Publisher: Euromoney Publications
Publication Date: 1982

This was the first book to offer a systematic approach to the analysis of political risk, at the time when the author's political risk group at Bankers Trust was rated as the leading group of its kind. Most of the competing approaches were very narrow (a bad Gini index of inequality implies a coming revolution—a simplistic theory that addresses only one of dozens of political issues for business) or based on very unsophisticated quantitative modeling that reflected the political science of the time (lots of numbers, no sound theory, minimal connection with economics). The book was written in great haste to meet a Euromoney deadline, and much of the substantive material is obsolete, but the framework has continuing value. Overholt drew on the material in subsequent years to teach in the U.S. Foreign Service Institute's Advanced Political Analysis course for foreign service officers being promoted to senior levels.

 

The Future of Brazil

Publisher: Westview Press
Publication Date: 1978

In the mid-1970s Overholt did a three-volume study of Brazil'a business environment for MacMillan Bloedel, a Canadian pulp and paper company contemplating a $2 billion joint venture with Brascan of Brazil. As a result of the study, the joint venture plan was canceled. Because the study's results were potentially valuable for many industries, MacMillan Bloedel and Hudson Institute approved the sale to other companies of a single-volume condensation for US$2500.00 and the sale was successful beyond the dreams of both companies. Later, some of the academic contributions to the conference that initiated the study were collected, along with Overholt's study conclusions into this book. Key academic contributors objected to Overholt's conclusion that the increasing complexity of Brazil's economy and politics would soon force major structural changes in both, but events bore out Overholt's conclusion. The discovery that a political risk study for a company could earn significant amounts of money inspired the emergence of a number of political risk groups.

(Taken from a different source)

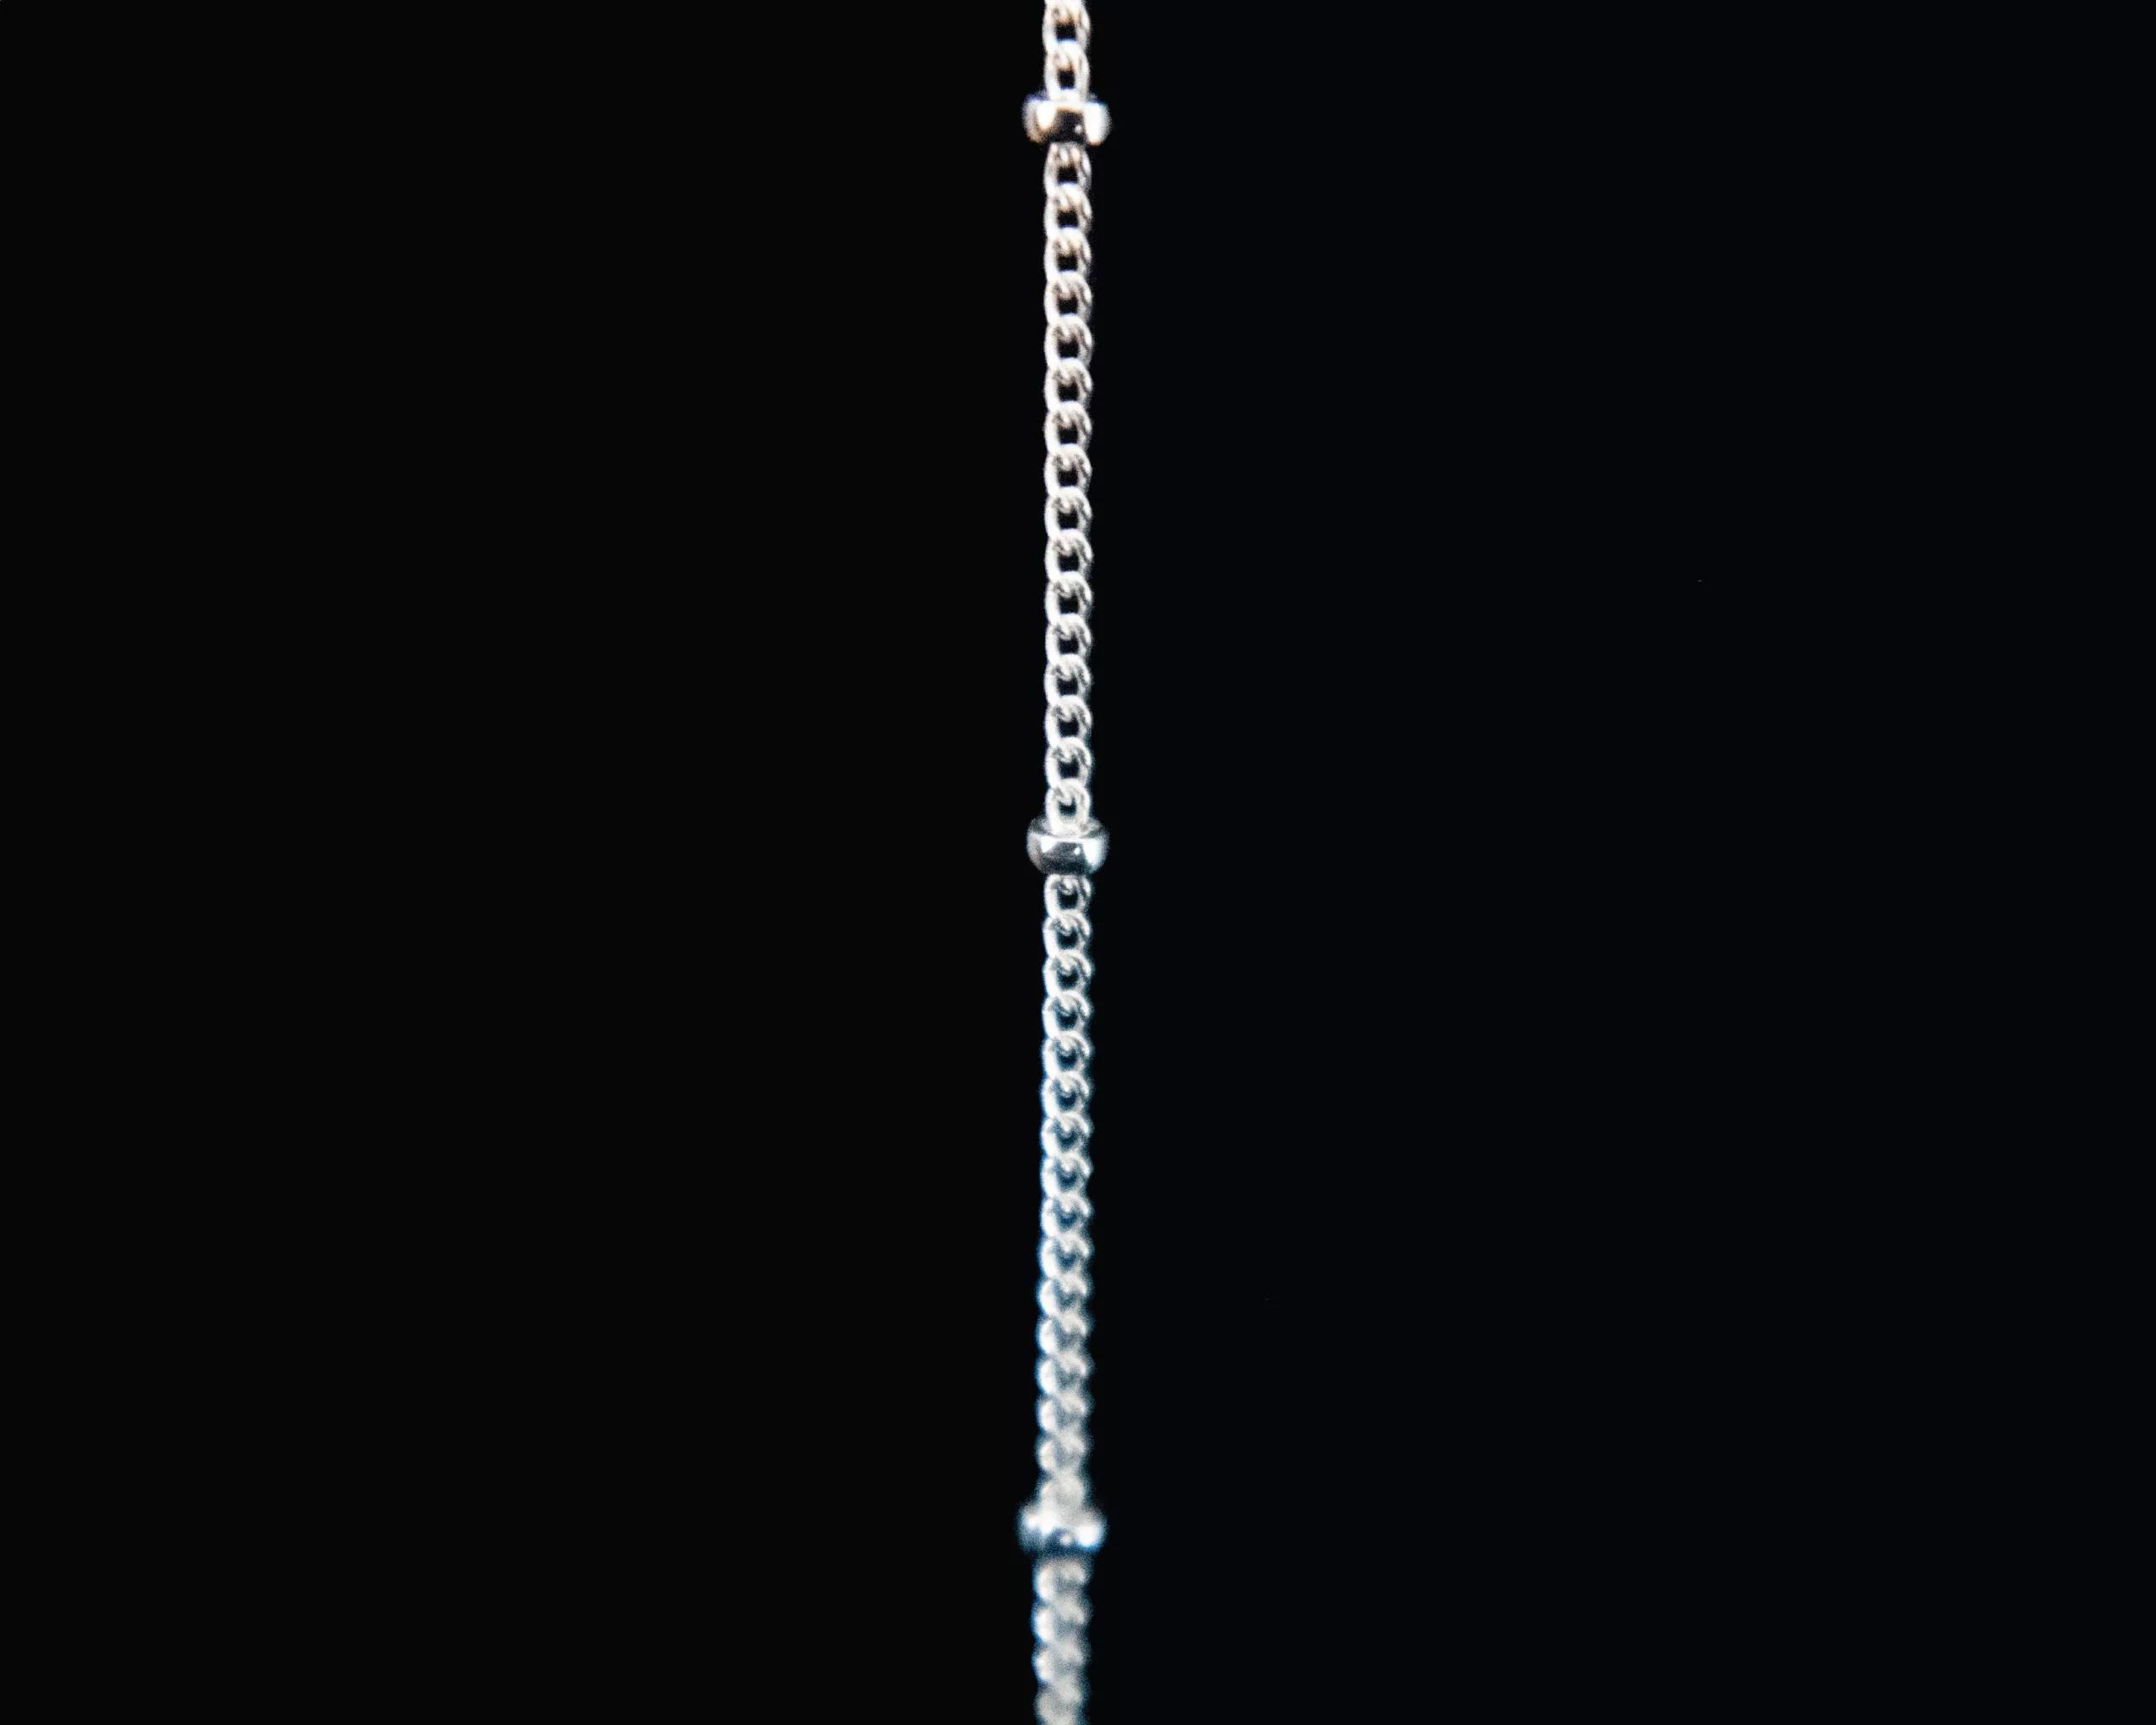 Permanent jewelry chain

The field of political risk became a fad by the late 1970s and then faded in the early 1980s because the academic models of political risk underlying most of the firms had little applicability to the real world.

Asia's Nuclear Future

Publisher: Westview Press
Publication Date: 1977

This was the first book to be published about nuclear proliferation and nuclear strategies in Asia, a compilation of the views of leading experts. The book is the tip of an iceberg of government-funded studies to facilitate management of the aftermath of India's 1974 nuclear explosion and to intervene decisively against nuclear weapon development programs in South Korea and Taiwan. Overholt's conclusion that there was no military value, and great military risk, to stationing U.S. nuclear weapons in South Korea became widely accepted among experts and periodically affected policy. (The subject is a political football, sometimes unaffected by actual strategic calculations.) Lewis Dunn, who co-authored the introductory methodology chapter, later became the senior official in charge of nuclear proliferation issues at the U.S. Arms Control and Disarmament Agency. The expert analyses provide a stark and amusing contradiction between the Indian expert, who argues that his impoverished country (far more impoverished then than now) could afford to develop and deploy nuclear weaponry and would find it useful, whereas the Japan expert argued that wealthy Japan (then widely seen as likely to achieve global economic superiority and political leadership) could not afford them and would not find them useful.